Spheres come into contact with each other in the simple cell.
The spheres are in contact with the cube diagonal.
The diagonal of each face is where contact is located in the face-centeredcc cell.
The colors used for the spheres are only for emphasis.
When spheres are stacked together, there must always be some empty space.
The volume of the holes, or voids, is at a minimum in some arrangements.
Closest packed structures are the basis of a number of crystal structures.
There are holes in the spheres.
A packed pyramid.
The first sphere is placed in the next layer.
The entire pattern of oranges is fixed.
The fruit stand are often packed with two different types of holes.
The structure begins to repeat itself when layer C is the same as layer A.
The spheres in layer C are not in line with those in layer A.
When the fourth layer is added, the structure begins to repeat itself.
Spheres in layer A are red.
Those in layer B are yellow and those in layer C are blue.
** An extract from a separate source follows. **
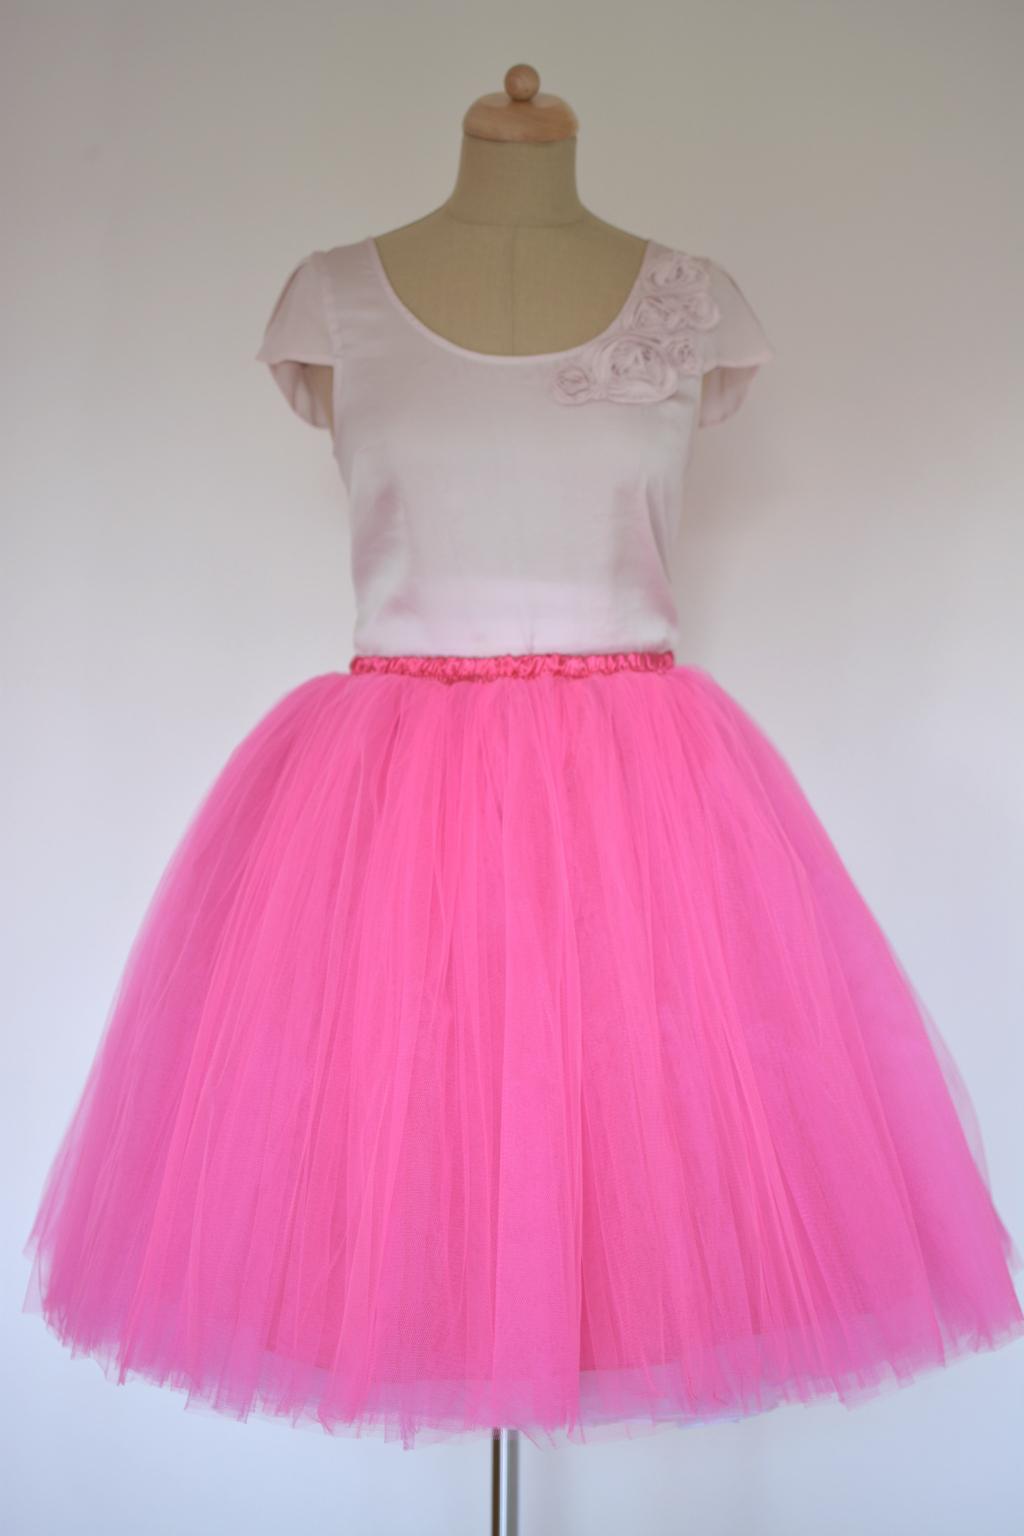 e70e6cd1fc0 Dámská tylová TUTU sukně tmavě růžová - MiaBella

There are three spheres in one of the layers.
The hole is formed when a sphere in the upper layer sits in the lower layer.
The hole is made between two groups of spheres.
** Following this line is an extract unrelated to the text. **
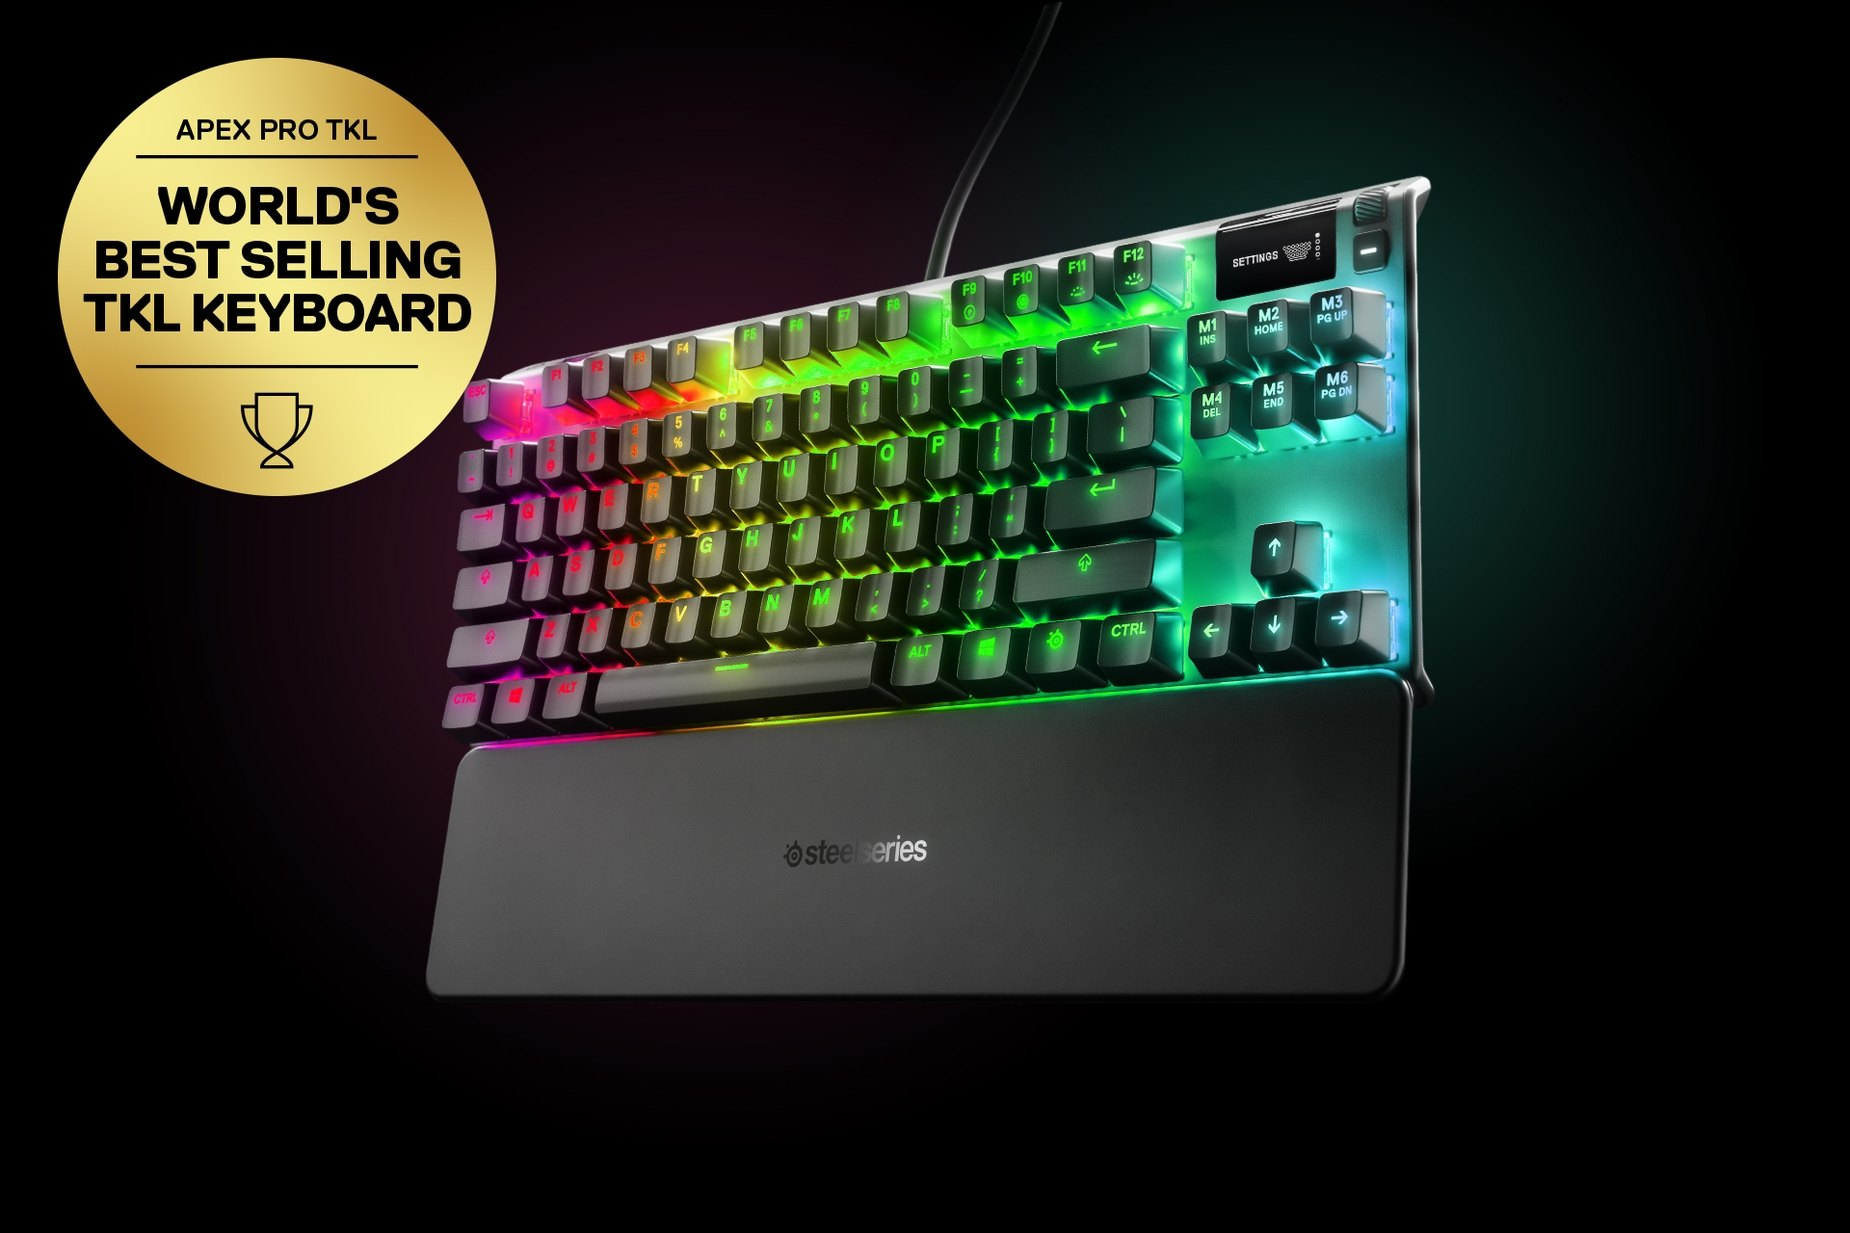 德文-Apex PRO TKL在黑暗中發光的背光遊戲鍵盤,也顯示 OLED 螢幕並用來變更設定,開關啟動,和調整音訊的控制鍵。鍵盤旁邊漂浮著金色獎盃,並具有文字「全球最暢銷 TKL 鍵盤」。

The closest packed structure has a face-centered unit cell.
The holes account for only 25% of the total volume in the hcp and fcc structures.
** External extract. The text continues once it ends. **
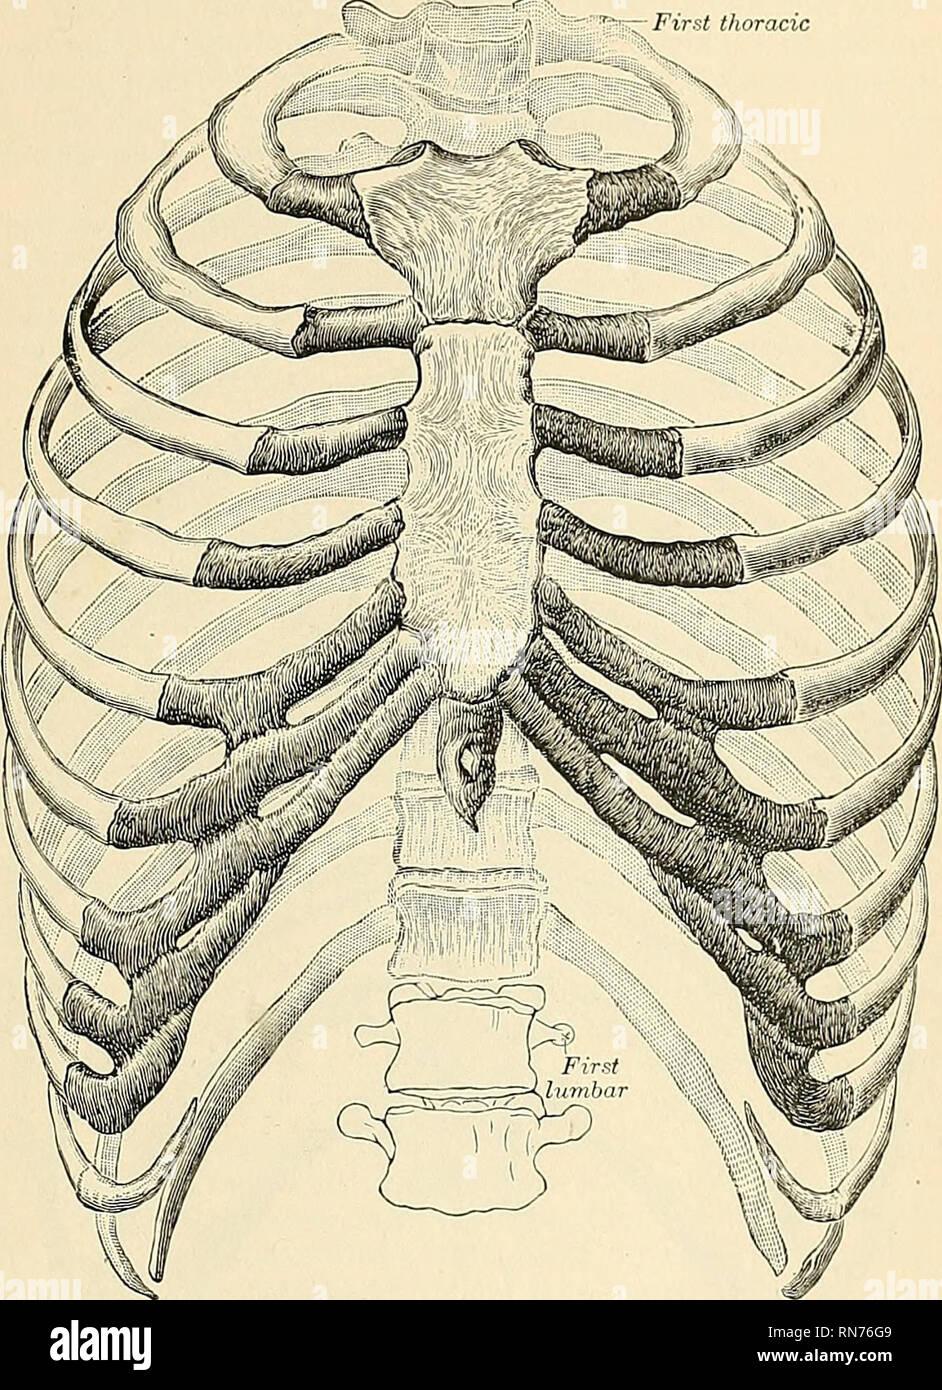 apertura thoracis superior

The holes account for a higher percentage of the total volume.
The bcc unit cell has holes in it.
The 14 spheres on the left are from a larger array of spheres.
The top and bottom layers have the same number of atoms.
The fcc unit cell is revealed by the rotation of the group of 14 spheres.
Table 12.9 has some examples.
Each atom in a crystal is in contact with other atoms.
The coordination number is 8 for the bcc structure and 12 for the fcc and hcp structures.
Solid lines are used to join the atoms in that cell.
The unit cell is not a cube.
There are examples.
The face-centered cubic is the same as the closest packed one.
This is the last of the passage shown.